April 19, 2016

Taxable sales plummet in 2015

By Neal A. Shipman
Farmer Editor

After seeing an all-time record being set in taxable sales and purchases in North Dakota in 2014, those figures took a big nose dive in 2015 according to recent data from the North Dakota Tax Department. The state’s tremendous growth in sales was fueled in a large part by the rapid development of the oil and gas industry in western North Dakota.
But with the drop of oil prices into the $30 to $40 per barrel range for much of 2015, drilling activity slowed from its previous breakneck pace. And the impacts of the slowdown in the state’s oil patch has reverberated across the state’s economy.
State taxable sales and purchases during calendar year 2015 totaled $22.9 billion, a decrease of nearly 19 percent from the $28.2 billion total in 2014, according to Ryan Rauschenberger, state tax commissioner.
“We experienced an all-time taxable sales and purchases high for North Dakota in 2014,” stated Rauschenberger. “Despite falling below that peak, 2015 taxable sales and purchases have still grown 146 percent from where they were just one decade ago. Even with 17.5 percent inflation during that timeframe, the exceptional rate of real growth in taxable sales and purchases is more than 128 percent for the last decade.”
And nowhere was the impact of lower energy prices felt more than in the oil-producing counties of western North Dakota that saw a decline in taxable sales from 2014 to 2015 of upward to 40 percent.
Williams County saw its taxable sales decline nearly 38 percent from its record high of $3.826 billion in 2014 to $2.373 billion in 2015.
For Watford City and McKenzie County, which remains in the epicenter of the oil and natural gas development, taxable sales and purchases fell by nearly 27 percent.

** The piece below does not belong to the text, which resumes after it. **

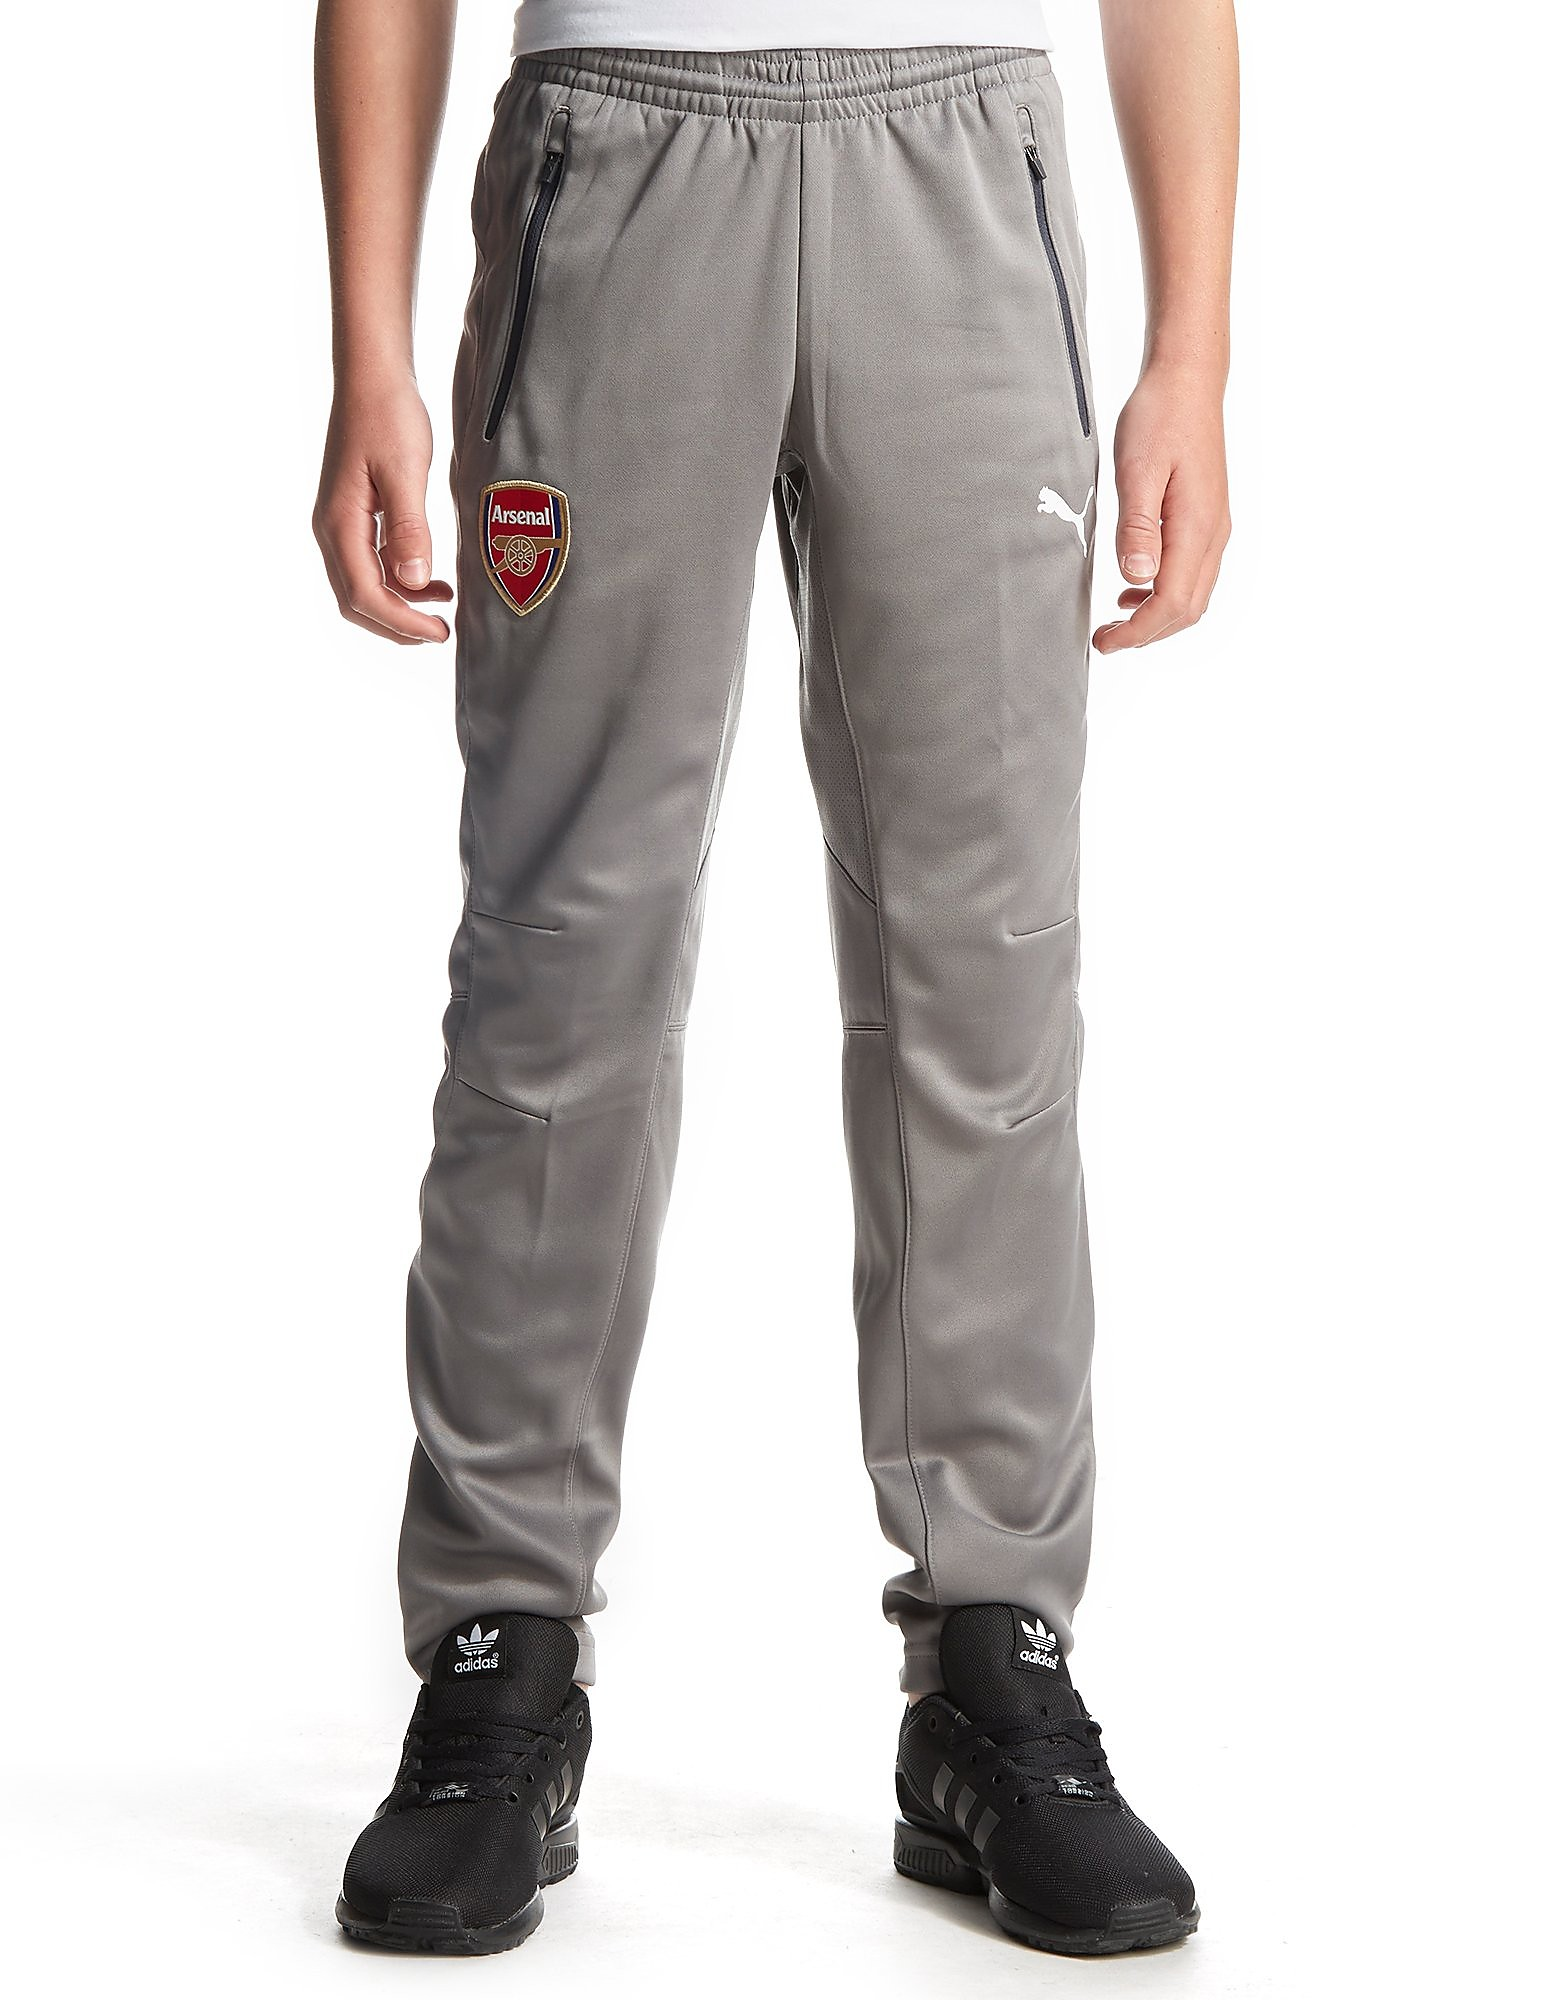 PUMA Arsenal FC 2016/17 Training Pants Junior

For the calendar year of 2015, Watford City’s taxable sales and purchases fell 37.34 percent from a record $300,352,772 in 2014 to $218,228,334 in 2015. McKenzie County’s sales decline mirrored that of its largest city with a 26.45 percent decline. In 2015, the county had taxable sales and purchases of $265,219,713 compared to $360,608,310 in 2014.
Statewide, five of the 15 major industry sectors saw growth from 2014 to 2015. Most notable among those showing increases were the utilities and information industries sectors with increases of 21.2 and 5.17 percent, respectively.

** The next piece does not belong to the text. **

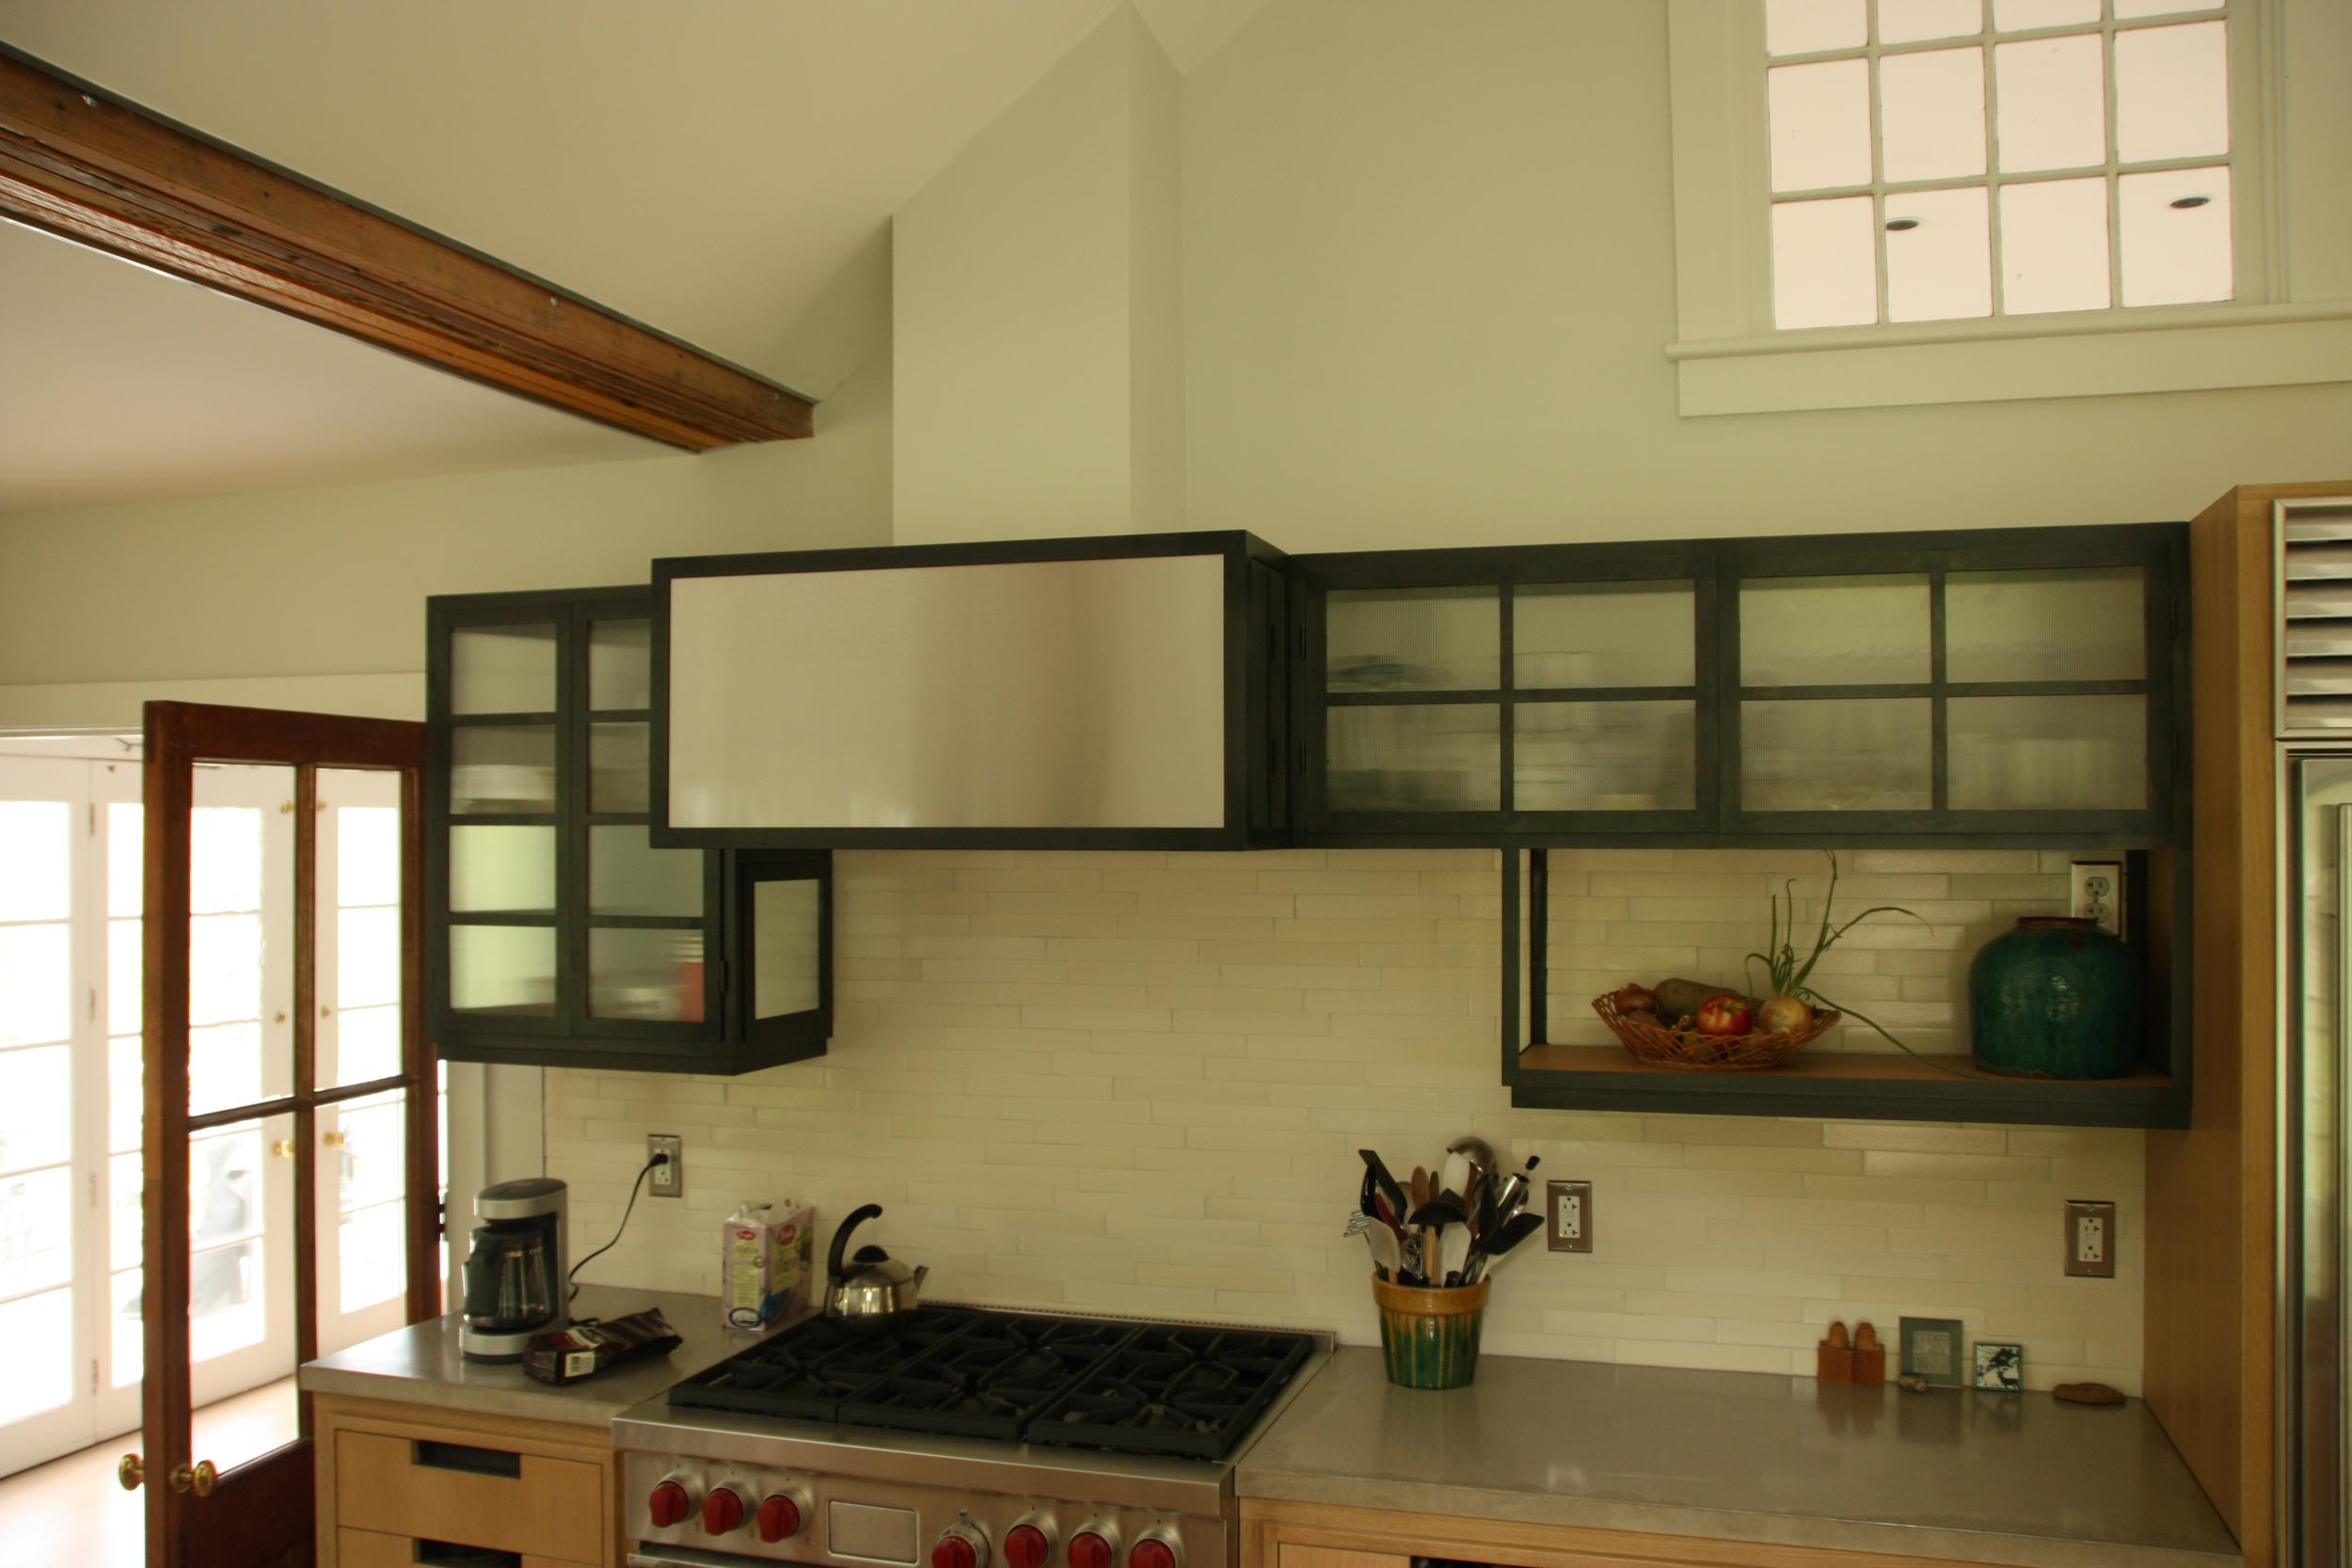 Custom Metal Kitchen Cabinets Work And Welding Classes In New York City Michael Daniel Design

“The mining and oil extraction and wholesale trade sectors saw the highest percent decreases from 2014 to 2015,” Rauschenberger added. “Both of those sector decreases are tied to low commodity prices, clearly impacting some of North Dakota’s major industries.”
In 2015, only eight of the state’s 53 counties showed a growth in taxable sales and purchases, while only 55 of the state’s 200 largest cities showed a positive gain in sales this past year.